Freshwater(39)
“He can’t make us leave,” said Vincent, because he could see through the back of my open brain. “We’ll always be here with you, Ada. And if we sleep a little more because you have him, maybe that’s a good thing. Even if he leaves, we’ll be here to pick up your pieces. We’ll always be here, yeah? We promise. Right, As?ghara?”
I nodded because my throat was too tight for words. This felt too much like the day I was born, the way she had been entered and hurt.
“You’re safe now,” I managed to say. “We’re never going to leave you.”
I knelt beside her and held her hand tightly in mine.
“Breathe,” said Vincent.
It must’ve gotten better. I don’t remember much—I was sleeping more, just like Vincent had predicted. I was giving Ada a life because Ewan made her happy, and honestly, the girl deserved a little happiness. He left Texas and moved outside Boston to be with her. They got their first apartment together there. He proposed in a library in Cambridge and they got engaged and Saachi was furious, but she thawed after she met him and realized that Ada was going to marry him whether Saachi approved or not. So Saachi flew herself and A?uli to Ireland to meet Ewan’s family, who was throwing an engagement party for him and Ada. When they returned to the States, Ewan and Ada quietly got married in Manhattan, at City Hall, and Ewan had tears in his eyes when he said his vows. They moved to Brooklyn, enrolled in graduate school, got a cat and named it The Prophet Jagger.
I left Ada to her new family. When she came to sit with me in the marble, we talked like old friends, as if we’d never planned to kill each other.
“He wants us to be equal,” she told me.
I crossed my legs and frowned. “Like how?”
Ada blushed. “Like during sex.” I stared and she lifted her shoulders, then dropped them and hugged her knees. “You know, on plain footing. With no one having more power over the other.”
I laughed. “But that’s impossible.”
Ada shrugged again and fiddled with a broken nail. “Who knows,” she said.
“It doesn’t work like that, Ada, not when the clothes come off.”
“You mean, not when you’re there.”
Oh. I hadn’t realized I was still helping her with that, but it made sense. I was automatic at that point, a shell she could drag over her, whether I was asleep or not. “I guess I’m always there when the clothes come off,” I said. “The promise must be holding.”
“Yeah,” she said. “We can’t change that?”
I shook my head and took her palm. “You’re just not capable of it, sorry. Or rather, we’re not capable of it.” Ada watched my nails slide between her fingers as I massaged her hand. All my bones were slightly longer than hers.
“How are you?” she asked.
I gave her a look. “I’m fine. I come when you need me, like now.”
Ada looked a little ashamed. “I’m sorry I haven’t been around that much.”
“It’s fine,” I said. “As long as you remember that we can’t be separated, Ada. Without us, you’re nothing—you won’t feel anything, you won’t see anything, you won’t write anything. You have to be at peace with us, you hear? We’re you.”
“Yeah, I know I have to remember,” she said. “Otherwise I wake up not knowing who I am.”
“Exactly.” I patted her hand. “We’re the buffer between you and madness, we’re not the madness.”
She nodded. “Where’s Saint Vincent?”
“He’s sleeping. Do you want me to call him?”
“No, let him rest.” She watched as I cracked her knuckles one by one. “I don’t want to lose you,” she said, her voice small.
“Biko, how many times do I have to tell you?

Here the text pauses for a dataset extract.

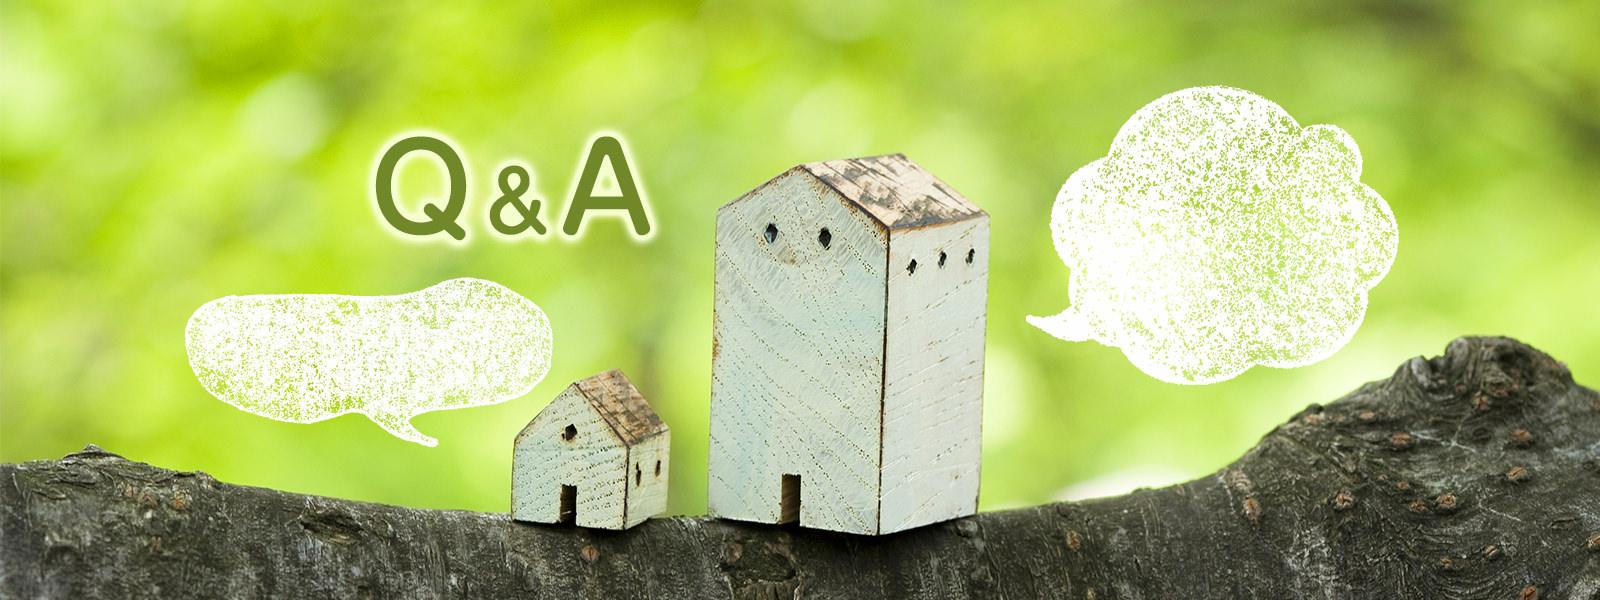 よくあるご質問やQ&A 葛飾の便利屋

We’re not going anywhere.” She made a face and I rolled my eyes. “Ada, stop feeling guilty about being happy with Ewan. We’re fine.”
She blushed and looked down. “He wants me to give myself to him completely.”
I looked at her, confused. “What?”
“Completely. You know. All of me. Like how he’s given himself to me.”
I didn’t like how she said it, with a tinge of hope, so I tried to be gentle. “Me, I don’t think that’s possible, sha.”
“Why not? Isn’t that what you’re supposed to do when you’re in love?”
I groaned and dropped her hand. “My friend, it has nothing to do with love.”
She frowned. “What is it then?”
I looked at her, and I swear, if I could’ve freed Ada right then and there to love and be happy and normal, I would have. But I didn’t start any of this and I didn’t know how to stop it, only how to finish it.
“What is it?” she demanded.
I took a deep breath and hoped for grace. “Look, you can’t give yourself to him because you’re not yours to give. That’s it. I’m sorry.”
It took a minute for Ada to understand, to realize that she was locked away, that all those parts of her he wanted, the parts she wanted to give, the parts that would complete the love they had—all those parts were gone. Or if they weren’t gone, they’d been put somewhere so far away that not even Ada could touch them, let alone Ewan. I watched her face fall, and when she started crying, I held her and whispered apologies for what felt like forever.